Un contraste en el inicio de la noche, que comenzó con un tango moroso, “La Cachila” (Eduardo Arolas). Allí apareció el desafío de trasladar a la guitarra una composición pensada para el bandoneón y sus rezongos; para luego avanzar hacia la rítmica de “Milongueando en el 40” (Armando Pontier).

El programa continuó con dos expresiones del tango cantado, en versión instrumental: “Mariposita” (Anselmo Aieta) y “Una canción” (Troilo), en arreglos para guitarra solista en los que, sin embargo, la melodía conservó el protagonismo.

Ya instalado el temperamento de la noche, Bordas atravesó un breve catálogo de composiciones propias, “Bailarina”, “Niño pandemia”, “Noche negra” y “Rioplatense”, en los que expandió el lenguaje del tango con claves de composición y escucha de la música del sur del continente.

Completado el recorrido por “Mudanza”, el guitarrista coronó la noche compartiendo con aliados musicales de sus años en el circuito porteño: así llegó “Mano blanca” y “Miles de madrugadas”, con Bárbara Grabinski y el bandoneonista Bruno Ludueña; “Ribera”, con la voz de Paulina Torres; y un cierre con “Parte del aire”, de la usina compositiva de la alguna vez dupla Spinetta-Páez. Ya en tono de celebración, una versión de “Trasnochados espineles” preparó el terreno para los aplausos.

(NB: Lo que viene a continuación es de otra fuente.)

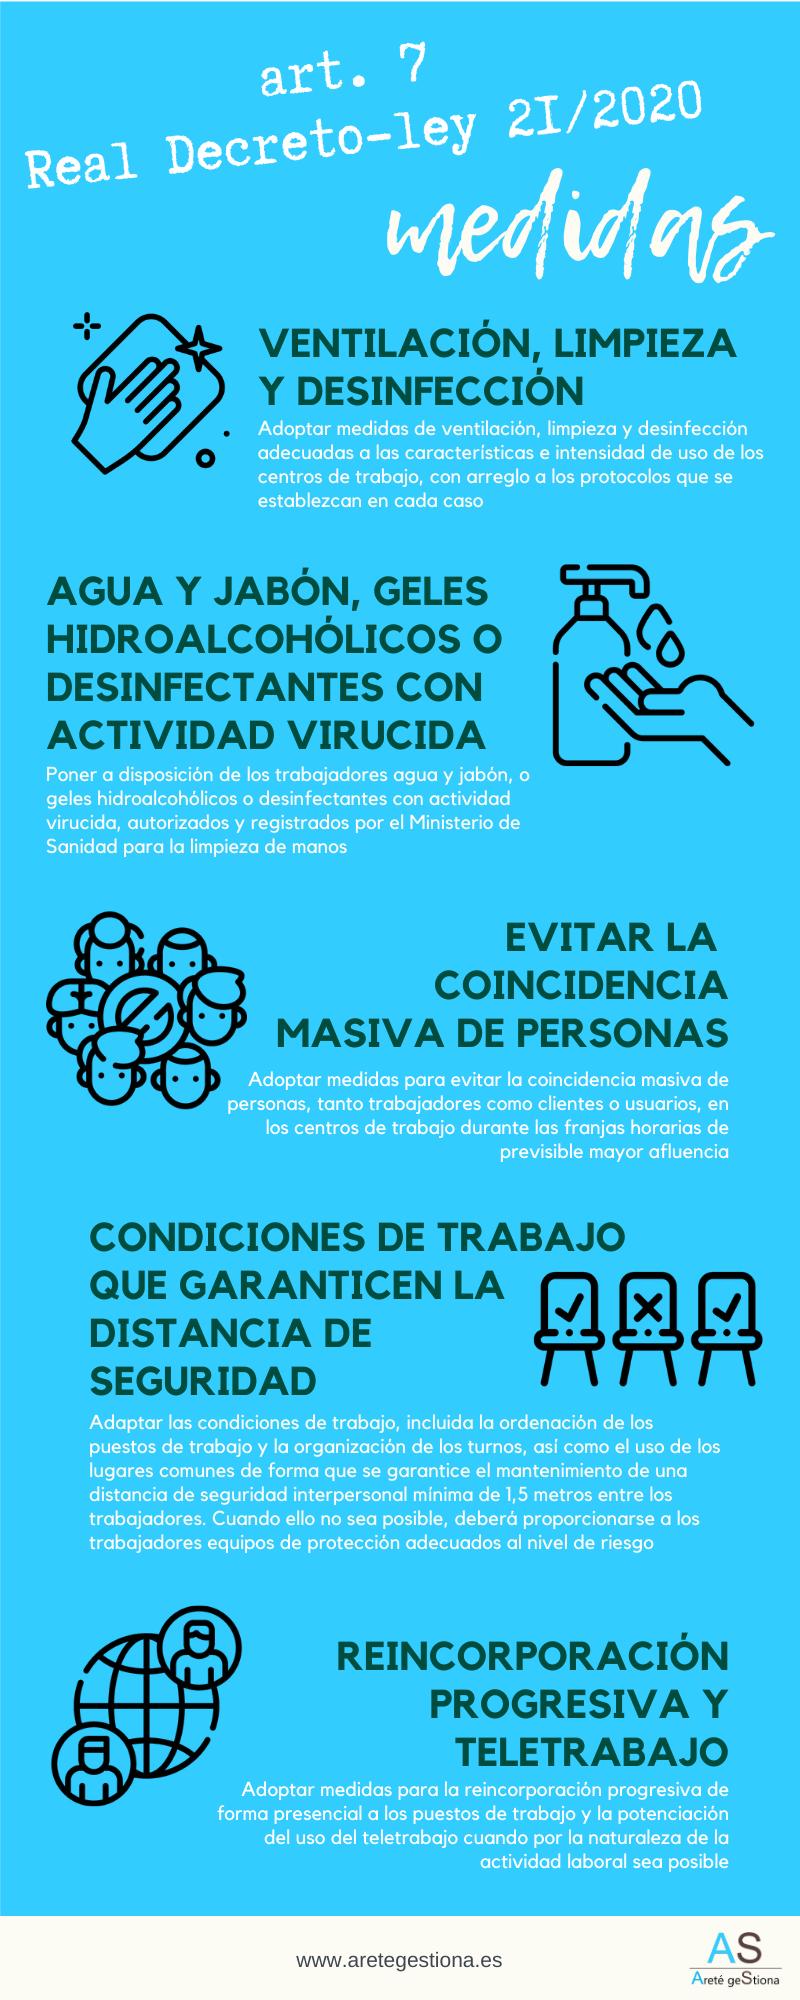 Infografia_Real_Decreto_Ley_21_2020

Bajo el clima mundialista, cuya canción oficial, de exasperante simpleza y un estribillo de apenas dos notas, nos propone una versión global ofensiva de aquello que llamamos “música”, Bordas nos recuerda que el mismo significante contiene un lenguaje pletórico de recursos y belleza, que no necesita subestimar al público para constituirse como una expresión popular.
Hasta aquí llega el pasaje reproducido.